* [What to do]:
Repeat the lines below exactly as written, please, from the line with "Here Comes the" to the line with "Journal of Retailing, vol.", both lines included, and no others.

* [Material provided]:
★ ★ ★ ★ ★ ★ ★

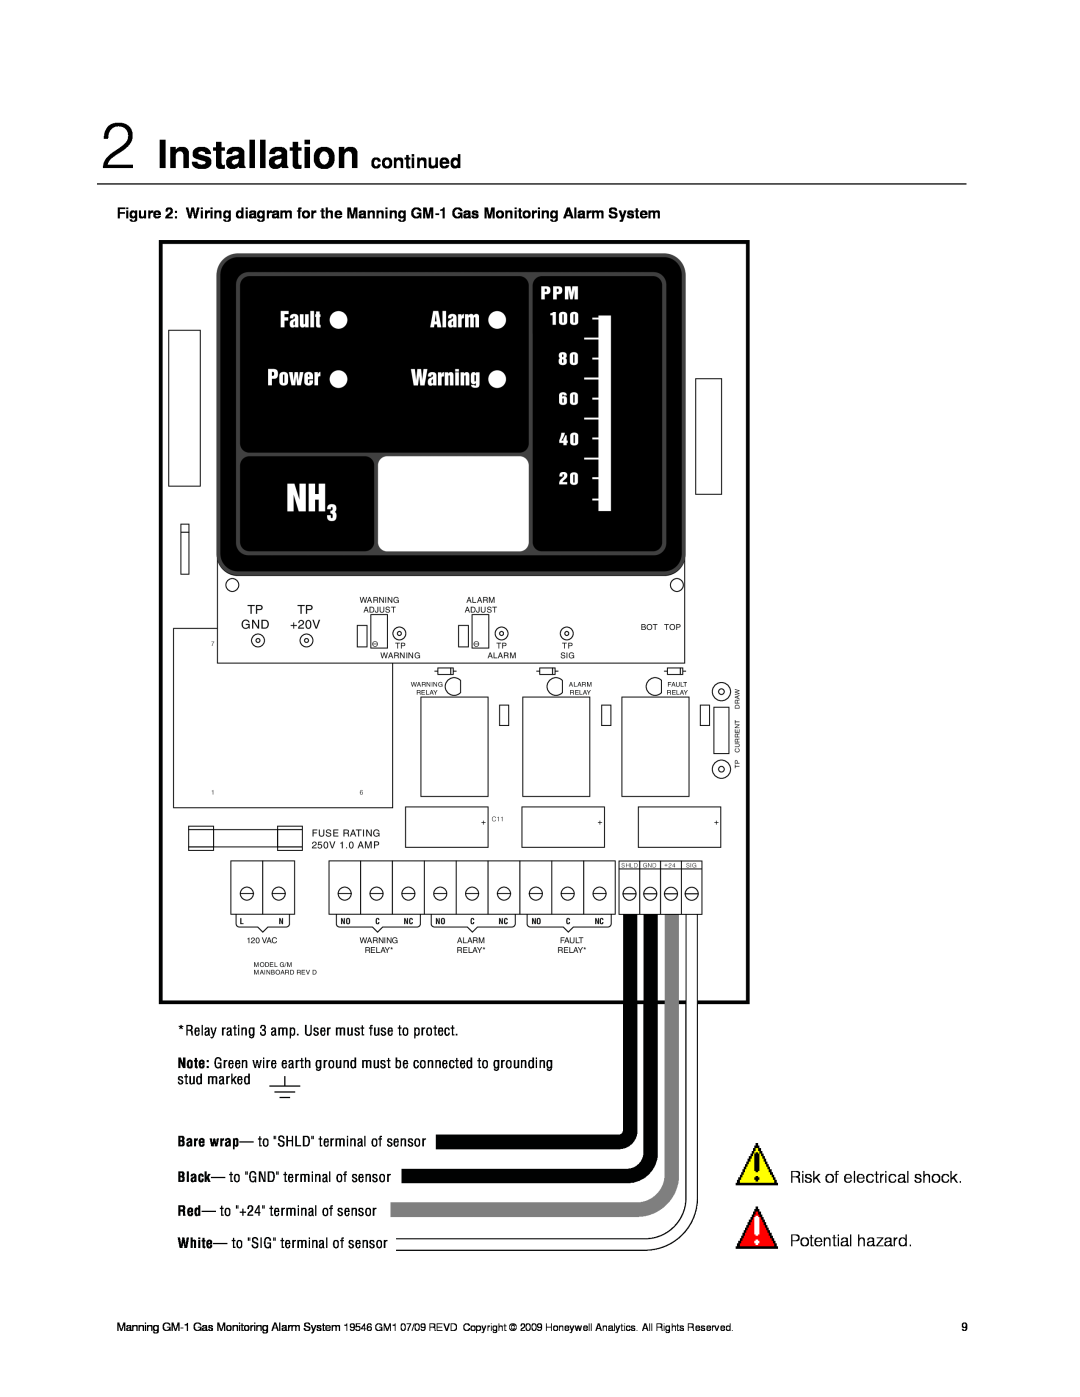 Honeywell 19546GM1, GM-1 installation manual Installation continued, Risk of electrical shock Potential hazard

★ ★ ★ ★ ★ ★ ★

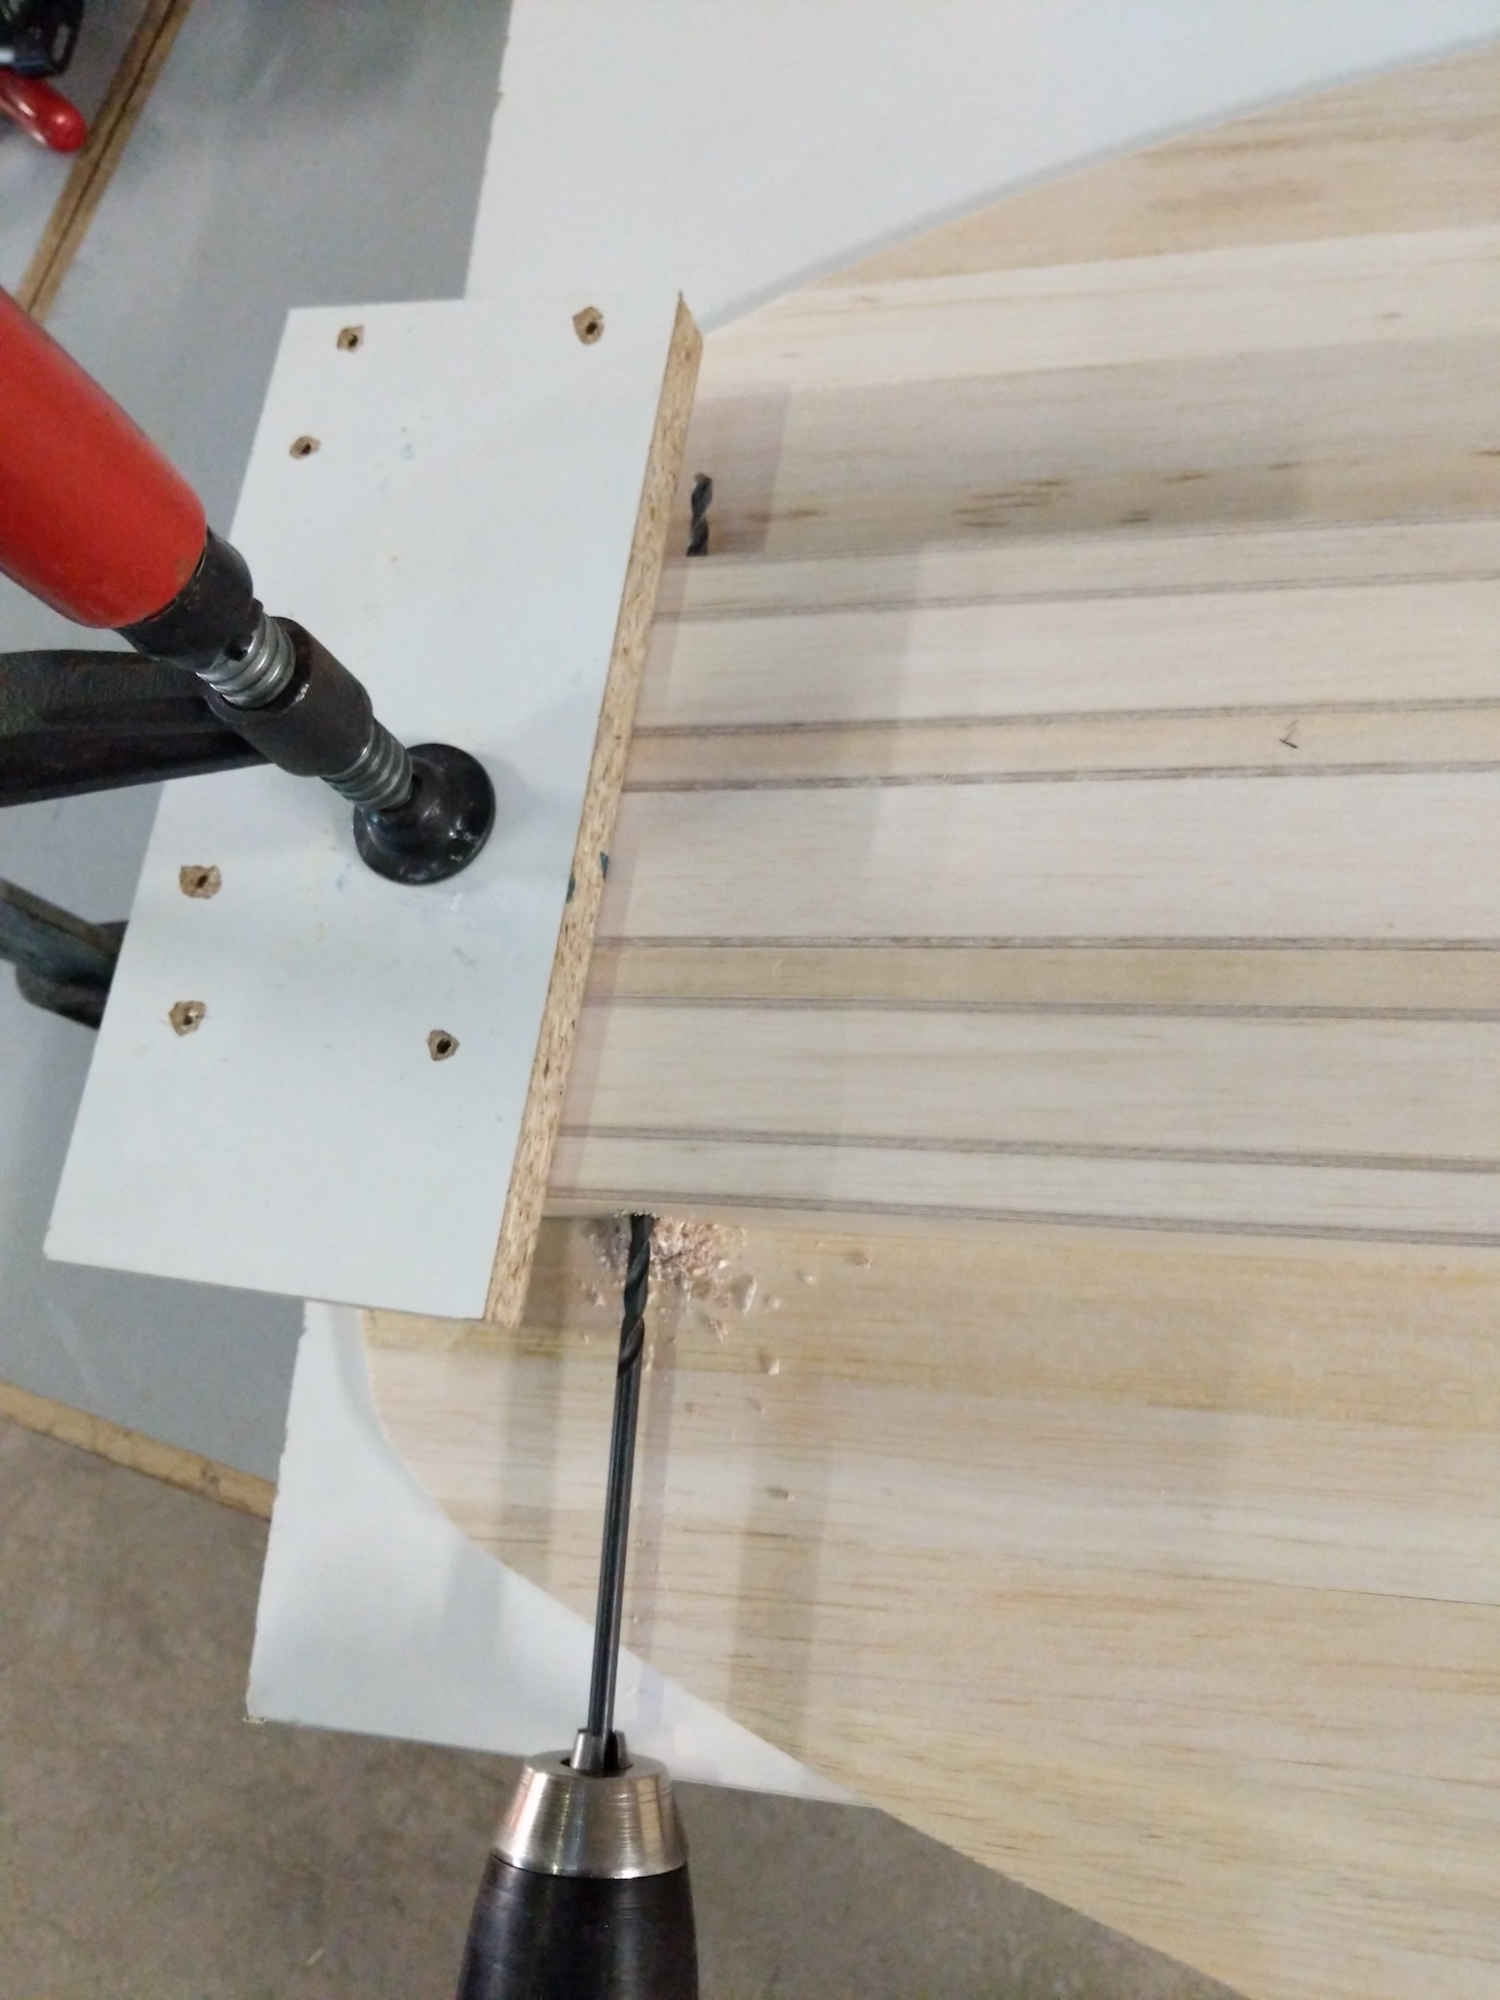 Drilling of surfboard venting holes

★ ★ ★ ★ ★ ★ ★

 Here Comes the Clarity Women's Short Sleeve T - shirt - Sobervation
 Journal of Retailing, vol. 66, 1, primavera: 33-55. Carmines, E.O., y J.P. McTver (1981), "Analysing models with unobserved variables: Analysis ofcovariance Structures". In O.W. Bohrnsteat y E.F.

★ ★ ★ ★ ★ ★ ★

* [Answer to this problem]:
 Here Comes the Clarity Women's Short Sleeve T - shirt - Sobervation
 Journal of Retailing, vol. 66, 1, primavera: 33-55. Carmines, E.O., y J.P. McTver (1981), "Analysing models with unobserved variables: Analysis ofcovariance Structures". In O.W. Bohrnsteat y E.F.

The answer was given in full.